Так папству в лице Григория XVI приходилось платиться за вины и заблуждения целого ряда столетий. Сам по себе папа, насколько он стоял вне системы, был человек преданный искусству и науке. Он собирал и приводил в порядок этрусские и египетские художественные произведения, расширил музеи Рима и восстановил несколько церквей; расширил он также и библиотеку в Ватикане, хотя и нисколько не облегчил доступа к ней. Свободы науки он не признавал, и научные собрания не терпел в своей области, так как они могли быть опасны для церкви римской. Не благосклонно относился он и к железным дорогам, так как они более вводили Рим в бурный водоворот жизни мира сего. Подданным его, однако, совсем не нравилось жить в церковном отчуждении от остального мира; напротив, иностранцы с удовольствием видели, что Рим укрывался от веянии нового времени, стараясь сохранить в себе тип древнего города, представлявшего более привлекательности для художников и любителей искусства.

Не было недостатка в Риме и в ученых старого закала. Замечательным гением лингвистики был Джузеппе Меццофанти, который мог читать и говорить на пятидесяти языках.
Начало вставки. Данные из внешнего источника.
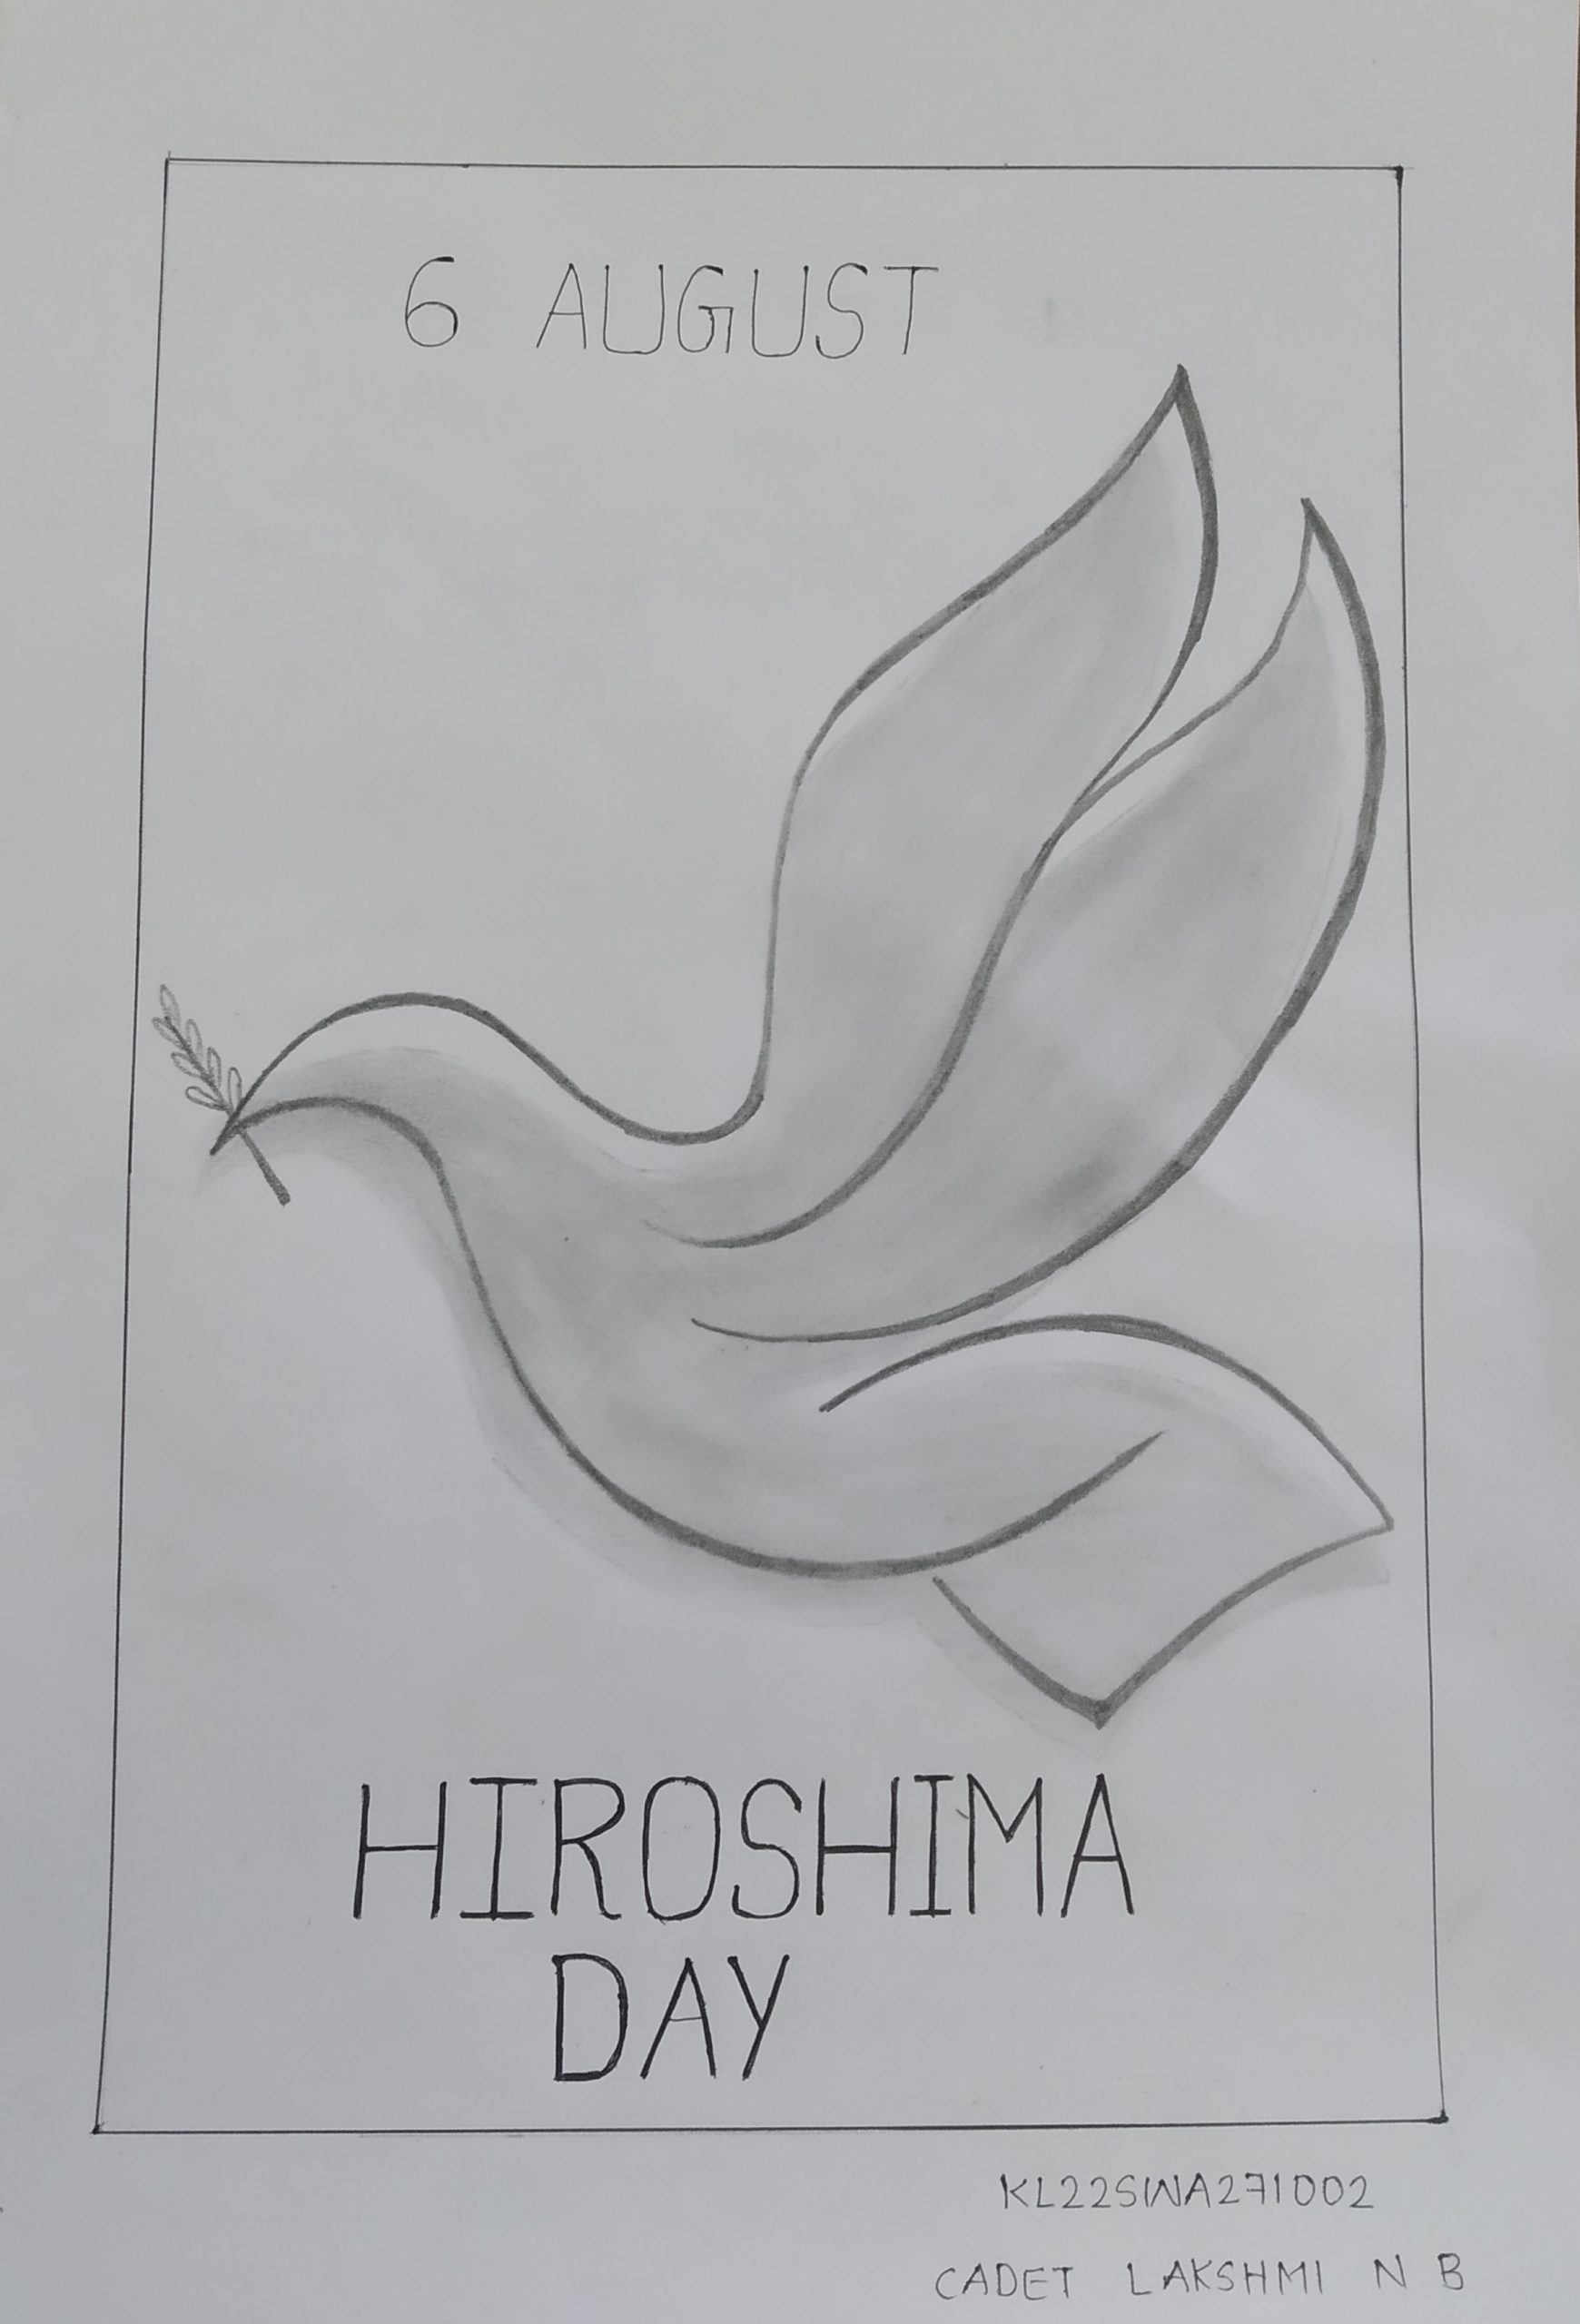 Hiroshima Nagasaki Day Drawing || How to Draw Hiroshima Nagasaki Day Poster  Easy step by step - YouTube

По внешности он был весьма невзрачен, имел несуразную голову с узкими глазами. Когда один френолог заметил, что строение его черепа указывает, именно, на особенный дар изучения многих языков, то Меццофанти иронически сказал на это: «но ведь френолог, говоря это, уже, конечно, знал, что я знаю более 50 языков». Анжело Майо, впоследствии папский библиотекарь, прославился учеными и счастливыми открытиями в области классической и патристической литературы. В Амброзианской библиотеке в Милане он в числе манускриптов под более позднею письменностью открыл древние, трудно читаемые письмена, которые он, однако, с помощью различных химических средств довел до удобочитаемости. Это открытие, так наз., палимпсестов имело большое научное значение; но только странная ревнивость, которою отличался Майо, как библиотекарь Ватикана, долго препятствовала другим ученым разделять с ним честь исследования, а сам он своею торопливостью только умалял значение своих исследований.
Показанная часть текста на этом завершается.